The Kilcumney Massacre 1798

#OnThisDay 1798 The United Irishmen were defeated at the Battle of Kilcumney Hill, Carlow. Fr. John Murphy barely managed to escape with his life. Fr Murphy and his bodyguard, James Gallagher, became separated from the main surviving group (fragments of which fought for six more years from the Killoughrim woods near Enniscorthy and from Wicklow mountains. Fr Murphy decided to head for the safety of a friend’s house in Tullow, County Carlow, when the path cleared. They were sheltered by friends and strangers – one Protestant woman, asked by searching yeomen if any strangers had passed, answered

“No strangers passed here today”;
When she was later questioned about why she had not said Murphy and Gallagher had not passed, she explained that they had not – because they were still in her house when she was questioned. Murphy was captured days later.

Crown forces under Sir Charles Asgill killed many local men, women, children & burned houses after the battle. Accounts range from rom terrible to horrific.

‘They murdered Andrew MacKesy and his son, burned their house and left two children both deaf and dumb without a protector.

At Ballinasillogue they murdered eighteen of the inhabitants and of these were five brothers named Neill all living in the same house with a widow, their mother and two female children.

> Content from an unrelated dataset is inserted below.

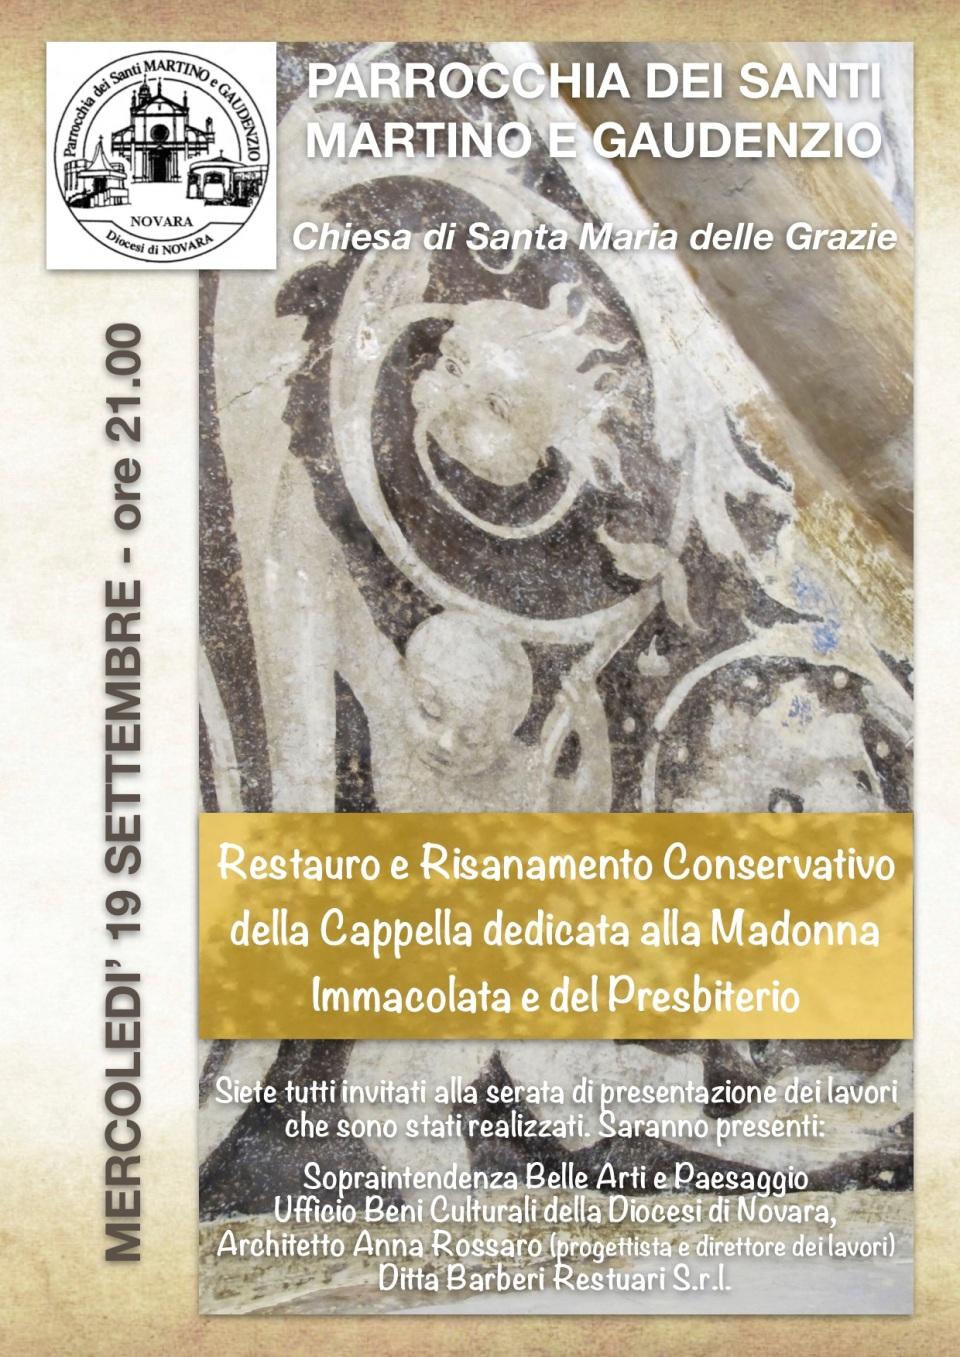 180919 Locandina presentazione restauri Chiesa Parrocchiale

They murdered also in this townland Peter Kinchela, who at the time, was surrounded by seven small children crying in vain for mercy.

In Coshill Patrick Fitzpatrick and his wife Margaret fell dead in each others’ arms: the same bullet ended their lives. The house of this ill-fate couple was set fire to over the heads of their five children and one of the innocent creatures ran into a neighbour’s house who had escaped by hiding himself, crying “My Daddy is killed; my Mammy is killed, and the pigs are drinking their blood.”

About one hundred and forty persons were slaughtered, leaving perhaps four or five hundred unprotected orphans.